Dakwah adalah perintah Allah SWT, bukan titah manusia. Dakwah harus mengikuti contoh Rasulullah saw., bukan kemauan penguasa. Dakwah yang haq pasti mengalami penentangan dan permusuhan. Semua nabi mengalami itu. Bahkan Nabi Muhammad saw. tidak luput dari penentangan dan permusuhan. Pertanyaannya, bagaimana sikap mereka menghadapi berbagai penentangan, permusuhan, penyiksaan hingga ancaman pembunuhan? Apakah Nabi yang mulia mundur dari medan dakwah? Apakah Rasulullah saw. berhenti mendakwahkan Islam. Jawabannya demi Allah, Tidak! Seandainya Rasulullah mundur dari medan dakwah (dan ini mustahil terjadi) maka ajaran Islam tidak mungkin dianut miliaran umat manusia. Seandainya Nabi Muhammad saw. berhenti mendakwahkan Islam (ini pun mustahil dilakukan), maka cahaya iman tidak mungkin tersebar luas ke seantero penjuru dunia.
Para penguasa zalim, sebagaimana halnya Namrudz, Firaun, Herodes hingga pembesar musyrik Quraisy menginginkan agar dakwah berhenti. Bahkan mereka berupaya menghentikan. Namun, Nabi yang mulia tetap dalam pendirian, kokoh dalam sikap, tidak mundur apalagi berhenti menyampaikan risalah dakwah.
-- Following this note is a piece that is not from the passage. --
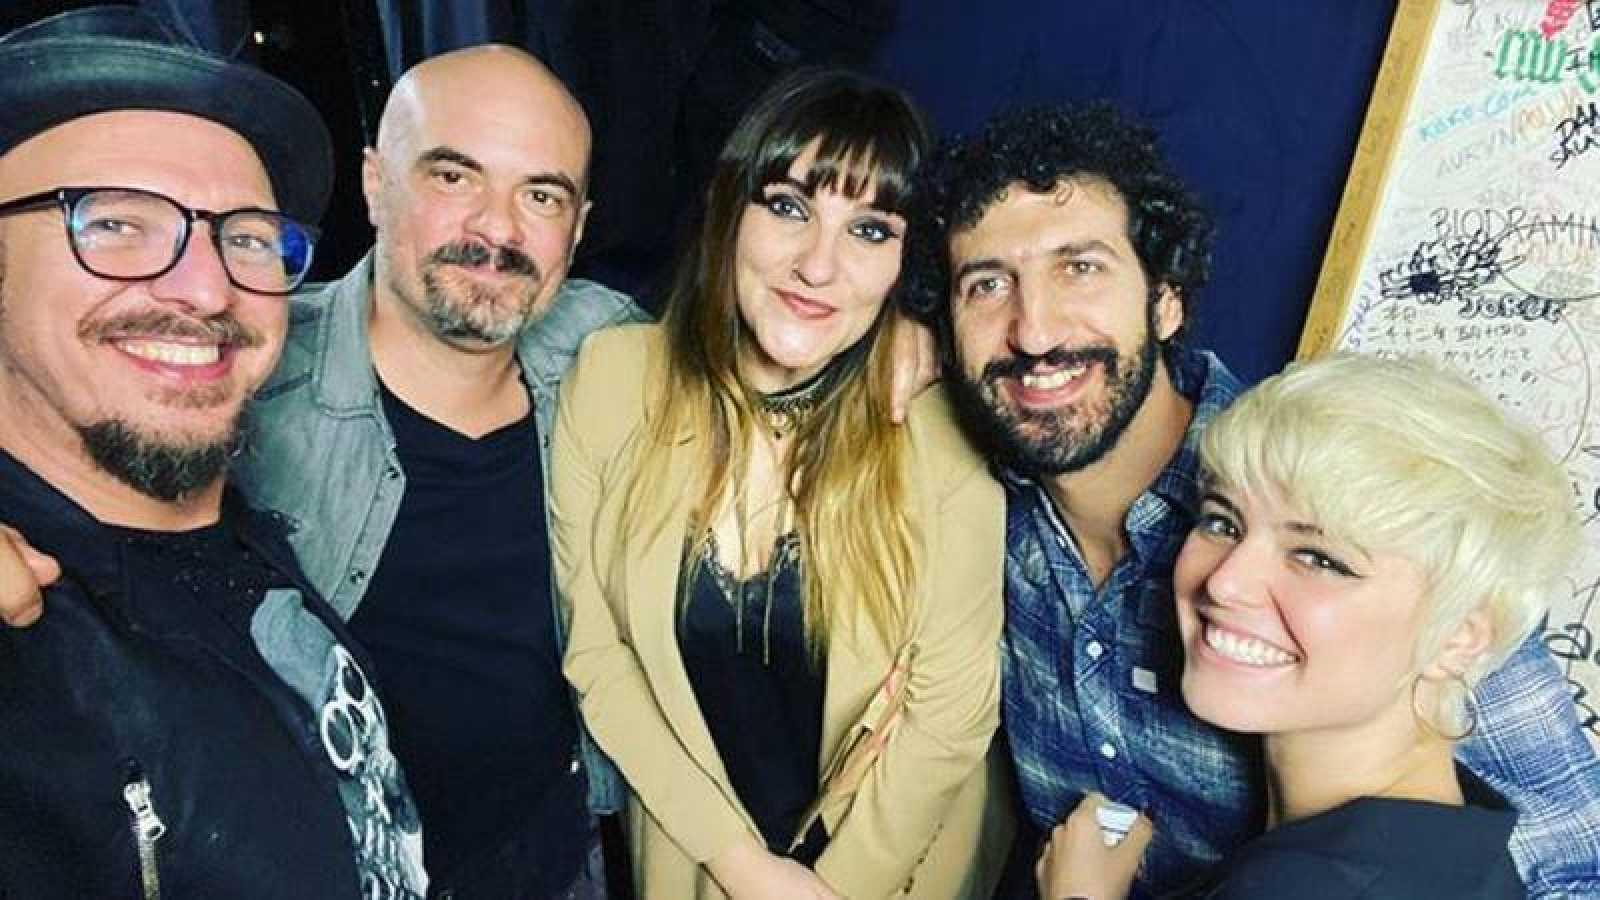 Marwan, Rozalén, Alba Reche, Lucas Pez e Ismael Guijarro en la sala Galileo Galilei

Begitupun halnya dengan kita saat ini. Jika kita benar-benar menapaki jalan Rasulullah saw. dalam berdakwah, maka apa yang beliau alami, pasti akan pula kita jumpai. Berbagai tantangan, ancaman hingga permusuhan terhadap dakwah yang dialami Rasulullah saw. pasti akan kita rasakan. Dalam hal kondisi dakwah Islam diperlakukan seperti itu, maka justru kita harus bergembira, karena itu sunnatullah. Berarti kita telah menapaki jalan yang benar, jalan yang lurus, jalannya para nabi dan Rasul. Justru kita mesti khawatir jika jalan dakwah bertabur bunga, riuh dengan pujian dan tepukan tangan, dekat dengan penguasa dzalim, disambut dengan karpet merah di pintu-pintu istana. Jika begitu, kemungkinan besar kita sudah salah jalan.
_____________________________
Ustadz Nashiruddin Abdul Halim, S.Ag.